Suppose $u(\cdot)$ and $v(\cdot)$ are differentiable, strictly increasing, and strictly concave real functions. Specifically, $v(\cdot)$ is "more concave" than $u(\cdot)$ in the sense that there exists an increasing and strictly concave function $\phi(\cdot)$ such that $v(x)=\phi(u(x))$ at all $x$. It is also equavelent to \begin{equation} \frac{v''(x)}{v'(x)}<\frac{u''(x)}{u'(x)} \textrm{ for any }x\,. \end{equation}
Let $f(\cdot)$ and $g(\cdot)$ be (well-behaved) two fixed real functions on a fixed probability measure space ($\Sigma, H, Pr$). The $\sigma-$algebra satisfies the usual conditions. Assume \begin{equation} \int h(\cdot)f(\cdot) < \int h(\cdot)g(\cdot)\,, \end{equation} and \begin{equation} \int h(\cdot)u(f(\cdot)) = \int h(\cdot)u(g(\cdot))\,, \end{equation} where $h(\cdot)$ is the density function over the probability space.
Conjecture: \begin{equation} \int h(\cdot)v(f(\cdot)) > \int h(\cdot)v(g(\cdot))\,. \end{equation}
Update: thanks to @zhoraster who provided a potential and very clever answer, see below. That answer seems to change my initial question a little bit by considering two different probability distributions on the two sides of the inequalities (in the counter-example he gave). I accordingly updated the wording of my initial conjecture to make it mathematically more precise --- the probability distribution is fixed on both sides.
Also, I'm not sure if the following (weaker) conjecture is true or not: Using Jensen's inequality to prove another inequality?
Take any two probability distributions $f$ and $g$ such that $$ E[f] = E[g]\tag{1} $$ and $$ E[u(f)] = E[u(g)]\tag{2} $$
Then your conjecture would imply$^*$ that $$ E[v(g)] = E[v(f)]\tag{3} $$ for any $v$, which is "more concave" than $u$, consequently, $f$ and $g$ are identically distributed. So it follows from your conjecture that (1) and (2) imply the equality in distribution. Obviously, this can't be true.
Similarly, your another conjecture is false, one just needs to adjust the counterexample a little bit to make the probabilities equal.
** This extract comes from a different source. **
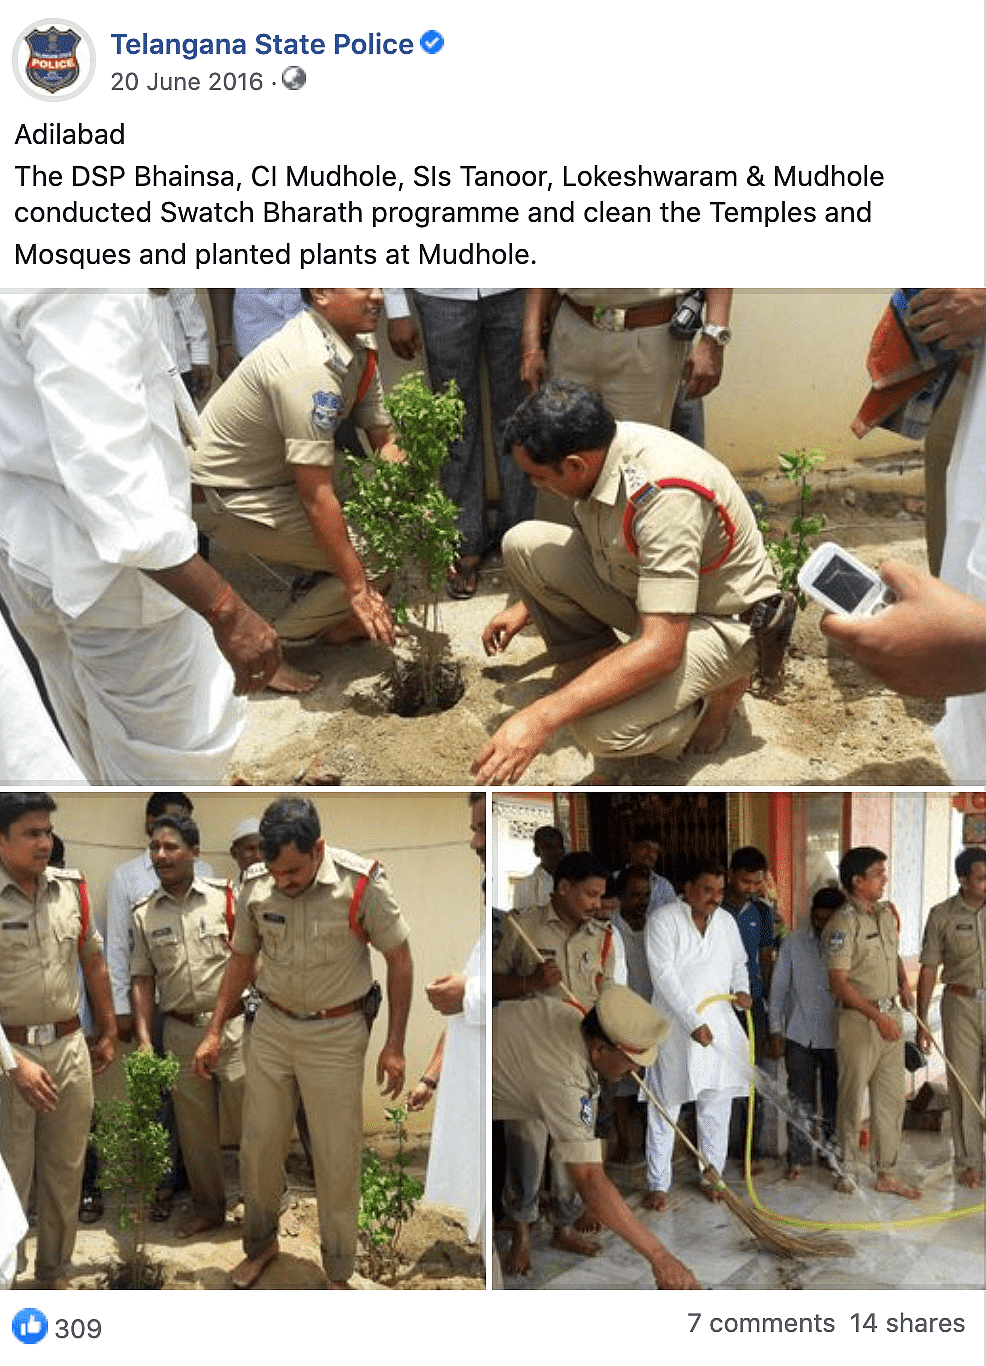 ये फोटो 2016 की है, जब तेलंगाना पुलिस ने स्वच्छ भारत कार्यक्रम के तहत मंदिरों और मस्जिदों में सफाई की थी.

Here is a particular example:
The distribution of $f$: $6$ with probability $0.01$, $-6$ with probability $0.01e^{-6}$, $0$ with probability $1-0.01-0.01 e^{-1}$
The distribution of $g$: $1$ with probability $0.1$, $-1$ with probability $0.1e^{-1}$, $0$ with probability $1-0.1-0.1 e^{-1}$
Then $$ E[f] = 0.06-0.06e^{-6}< 0.1-0.1e^{-1} = E[g],\\ E[-e^{-f}] = -0.01e^{-6} - (1-0.01-0.01 e^{-6}) - 0.01e^{-6}\cdot e^6 = -1,\\ E[-e^{-g}] = -0.1e^{-1} - (1-0.1-0.1 e^{-1}) - 0.1e^{-1}\cdot e = - 1, $$ but $$ E[-e^{-2f}] = -0.01e^{-6} -(1-0.01-0.01 e^{-6}) - 0.01e^{-6}\cdot e^{12} \\ < E[-e^{-2g}]= -0.1e^{-1} -(1-0.1-0.1 e^{-1}) - 0.1e^{-1}\cdot e^{2}. $$
One can make a small adjustment to this example by dividing the probabilities into many small and equal ones, which would give a counterexample to your other conjecture.
$^*$ Perturb $f$ a little bit so that (2) still holds, but in (1), the sign changes to $<$. Provided that your conjecture is true, the sign in (3) would change to $>$. Now perturb $f$ "in the opposite direction", so that (2) holds and in (1), the sign changes to $>$. Then the sign in (3) would change to $<$. Then, by continuity, (3) should be equality.